"how numbers are stored and used in computers"
PostgreSQL is a widely-used open-source relational database that offers an easy playground for examining how number representations affect data storage, query performance, and internal mechanics. Behind its declarative SQL interface lies a complex system deeply tied to how it encodes, stores, and manipulates numbers.
PostgreSQL supports a wide array of numeric types: integer
, bigint
, real
, double precision
, numeric
, and more. These types determine byte-level storage formats, CPU usage, and precision guarantees. For instance, numeric
uses a variable-length packed decimal representation that avoids floating-point error, ideal for financial calculations. In contrast, double precision
offers performance and range at the cost of potential rounding error.
Strings (i.e. text
types) are stored with variable-length encodings like UTF-8, and indexing them with B-trees or GIN involves hashing or lexicographic numeric comparisons of those encoded byte sequences.
PostgreSQL stores data in 8 KB pages of tuples, which are its internal representations of rows. Each tuple starts with a header including metadata like xmin
and xmax
, which are transaction IDs - unsigned 32-bit integers that are used in PostgreSQL's Multi-Version Concurrency Control (MVCC) system.
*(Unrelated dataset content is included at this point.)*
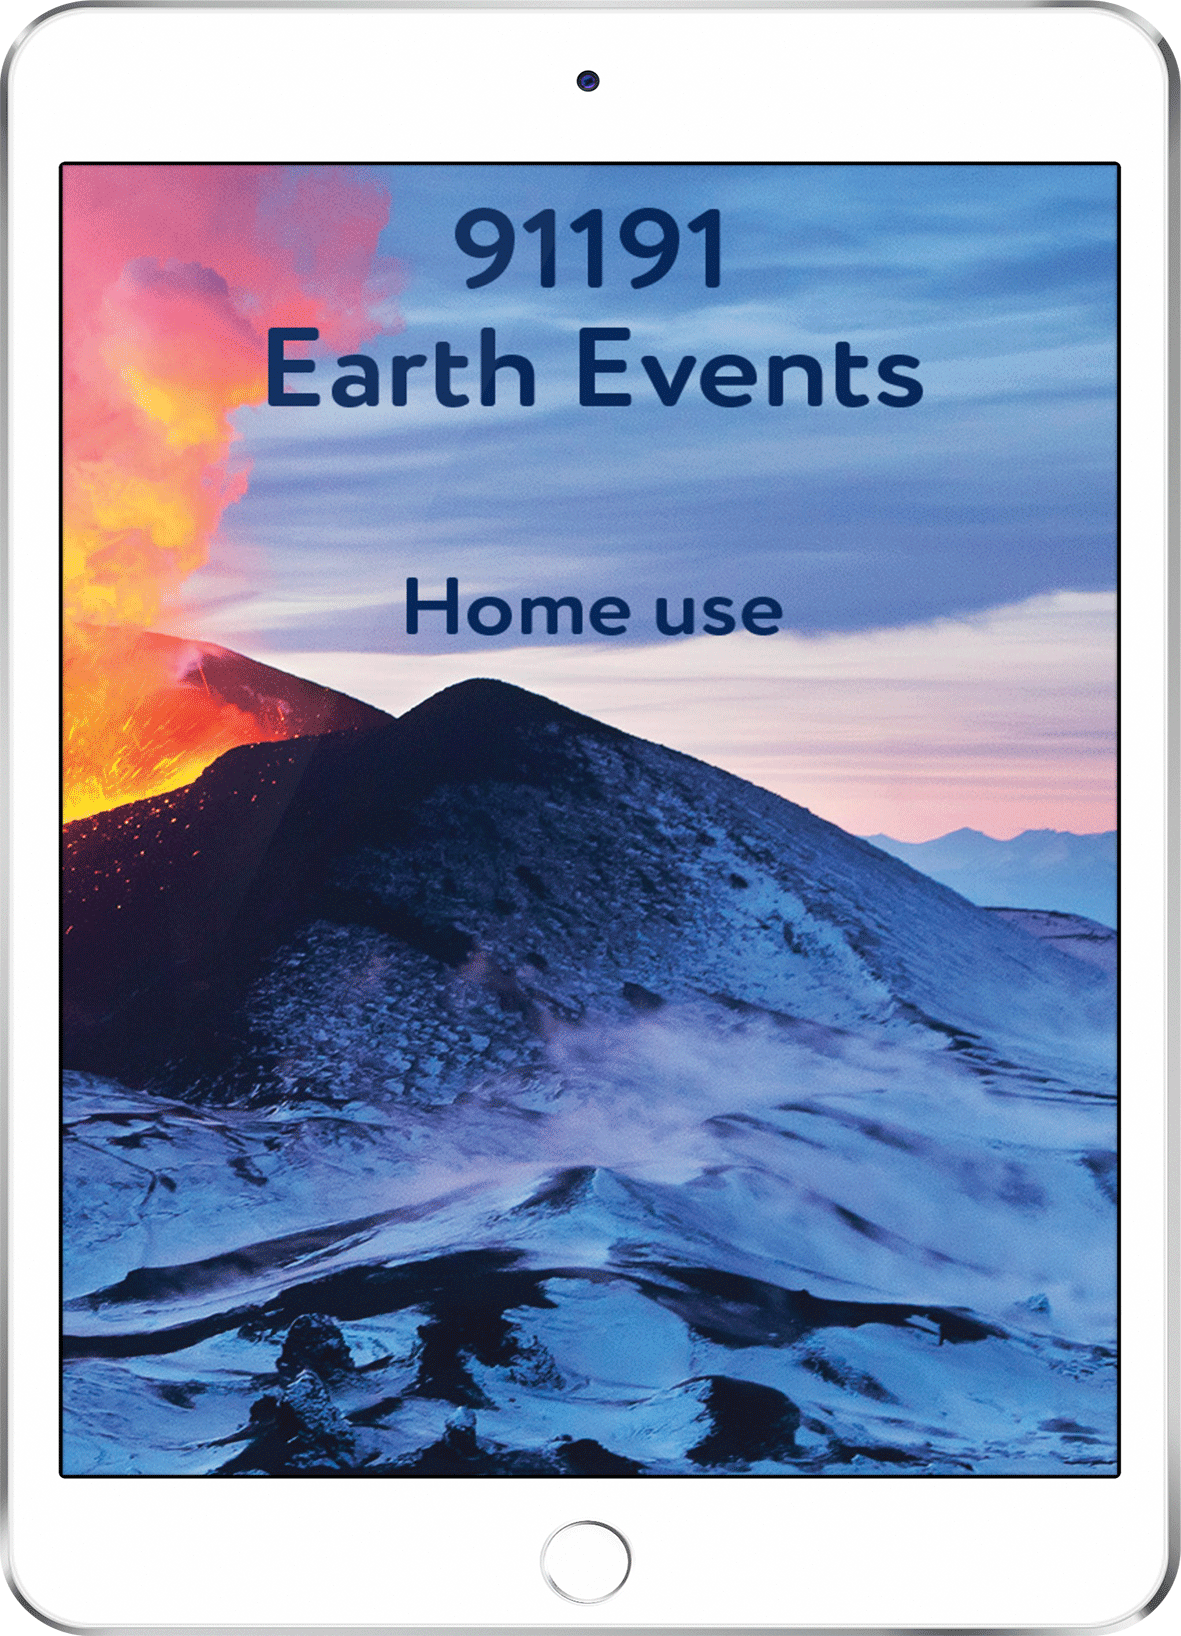 91191 Earth Events - Home Use

This integer-based system governs visibility and concurrency without locking, but also introduces quirks like transaction ID wraparound, where the finite number space of a 32-bit integer becomes a cyclic ring.
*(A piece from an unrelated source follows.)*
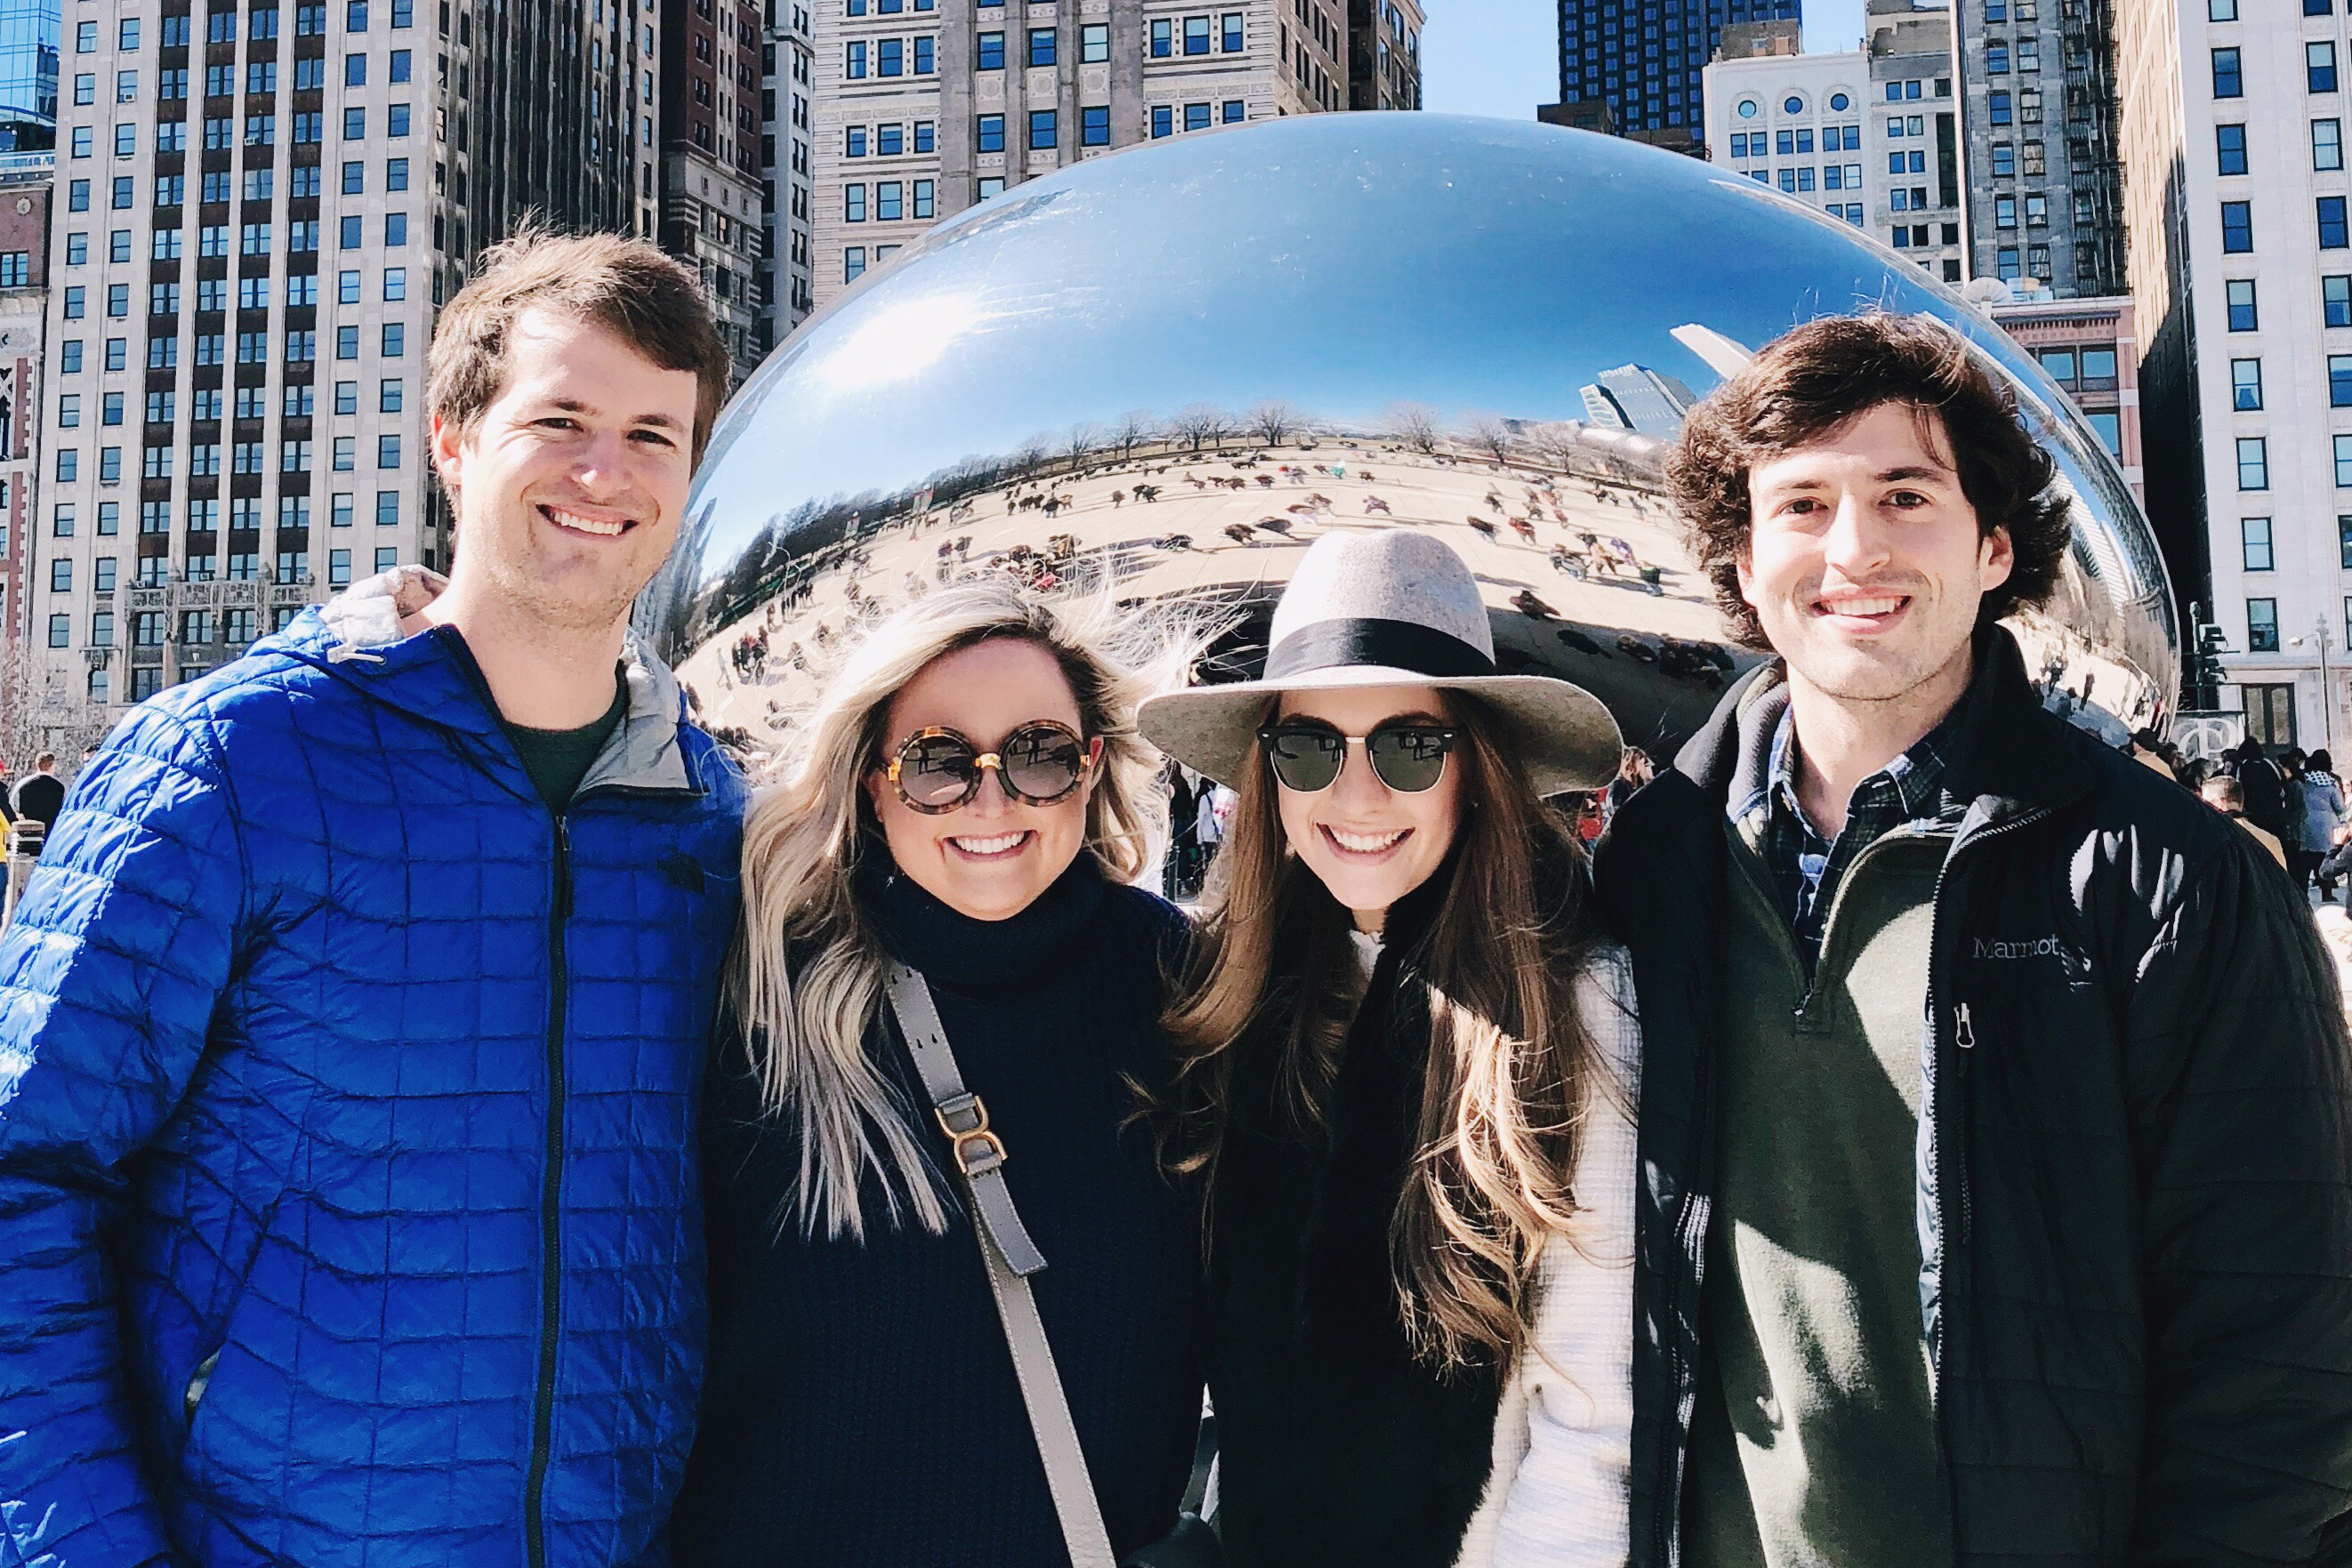 Things to do in Chicago | Miss Madeline Rose

Integers and floats are aligned according to architecture rules to maximize CPU cache efficiency. This means the physical layout of a row isn't always an exact match with its logical schema — it may include unused padding bytes to maintain proper alignment, impacting storage size and performance.
Indexes are a pure expression of number manipulation. A B-tree index in PostgreSQL is a binary structure that stores keys in order using the type's comparison function. For numbers, this is usually straightforward, but for types like numeric
, comparisons are more expensive due to arbitrary precision. That's why indexing numeric
fields can be slower than int
or float
equivalents.
PostgreSQL's statistics system also relies on numerical analysis. Each column has histograms, most-common-values lists, and null fraction estimates, which are numeric summaries used by the query planner to predict row counts and choose optimal plans. These predictions affect everything from whether to use an index to whether to sort in memory or on disk.
Even write-ahead logging (WAL) and replication revolve around numbers: Log Sequence Numbers (LSNs) are 64-bit integers representing byte offsets in the WAL stream. PostgreSQL's recovery and replication mechanisms use LSNs to determine where to resume reading or writing, and these numbers must be compared, stored, and manipulated efficiently across various storage layers and time windows.